When the gold price breaks through $3,400 per ounce, everything will truly begin.
The global finance is undergoing a silent earthquake, and physical gold is quietly becoming a refuge in this storm. From a surge in physical deliveries to an influx of institutional funds, from a tremor in dollar confidence to escalating geopolitical conflicts, all signs point to the same conclusion: we may be on the brink of the largest 'gold squeeze' in history. A surge in gold prices to $10,000 per ounce is not a fantasy, but a real shift that is happening.
1. Gold squeeze: This is not a question of 'if', but 'when'.
COMEX gold inventories continue to decline, while physical delivery volumes are repeatedly hitting new highs. This represents an increasing number of investors choosing 'gold in hand' rather than just paper numbers. When short sellers are unable to deliver physical gold on time, the pressure to cover will rapidly intensify, and the market will inevitably shift from price competition to resource grabbing. A 'valued but no market' gold squeeze storm is approaching, and this will be a critical point in rewriting the financial order.
2. Is Goldman Sachs' prediction too conservative?
Goldman Sachs predicts that gold prices may reach $4,500 by the end of 2025, but this might just be the starting point. If a dollar credit crisis erupts and global capital panic spreads, a mere 3% shift of funds from financial assets to the gold market could cause a disruptive impact on the supply-demand structure, making a doubling of gold prices no empty talk. In this global 'trust reassessment', gold may be the only stable monetary cornerstone.
3. The loosening of dollar hegemony, gold returns to the core of currency.
In April 2025, the US dollar index experienced its largest drop in three years (a monthly decline of 4.5%), reflecting investors' doubts about the dollar's safe-haven status. Stablecoins like USDT are essentially nothing more than a digital representation of the dollar; once confidence in the dollar itself collapses, its shadow will also crumble. In contrast, gold, with its attributes of requiring no trust and global recognition, is re-emerging as the core of this monetary system restructuring.

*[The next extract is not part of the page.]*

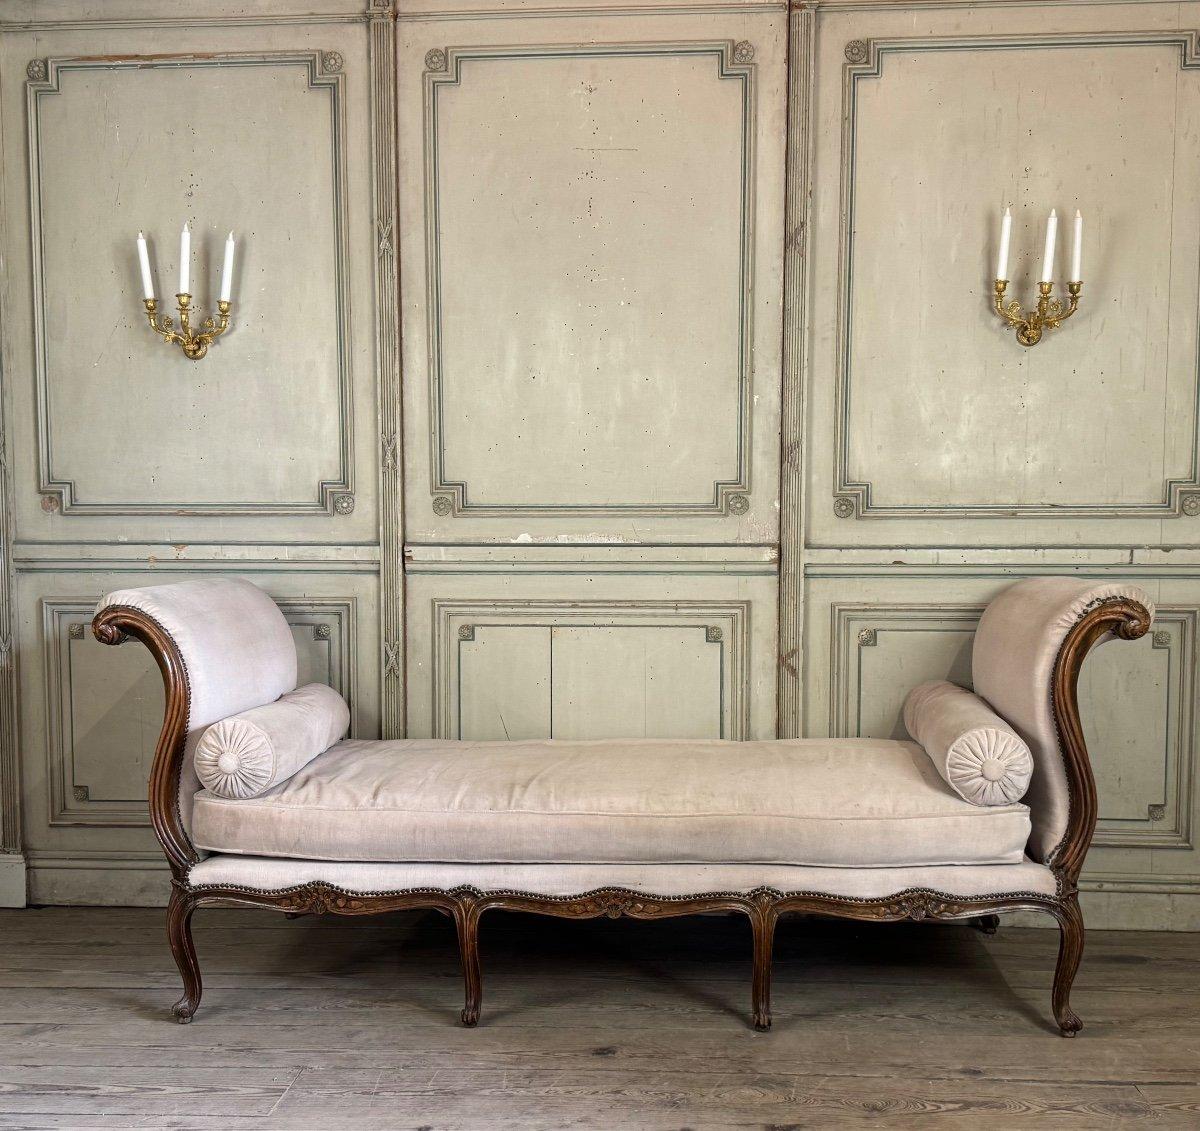 Louis XV daybed in beech carved on all 4 sides, velvet in good condition but it is preferable to replace it. the furniture deserves a high quality fabric

4. The digital gold revolution: The strategic value of PAXG emerges.
Paxos Gold (PAXG) is a representative of tokenized gold, with each PAXG corresponding to one ounce of physical gold held in a London vault. It combines the value support of a physical asset with the liquidity of a crypto asset, making gold easier to trade, transfer across borders, and build trust. When the gold squeeze truly erupts, PAXG will become a strategic asset that global funds compete for, rather than just an alternative in the crypto market.
5. Major powers competing for gold.$PAXG It has long ceased to be a mere investment commodity.
Between 2024 and 2025, central banks around the world will continue to expand gold reserves. China and Russia have already included gold as a pegged asset for their digital fiat currencies, directly challenging the dollar's status as the global settlement currency. This is not just a hedging operation, but a front-line battle in a currency cold war. Gold is being repositioned as the cornerstone of national credit, becoming a core weapon in the international financial power struggle.
Conclusion: Gold is not speculation; it is the ultimate bottom line of value.
In 2027, a gold price of $10,000 may sound exaggerated, but in the context of collapsing confidence in currency and global financial restructuring, it could just be an inevitable evolution.
The real question has never been 'Will gold prices reach?', but rather, how much time do you have to position yourself?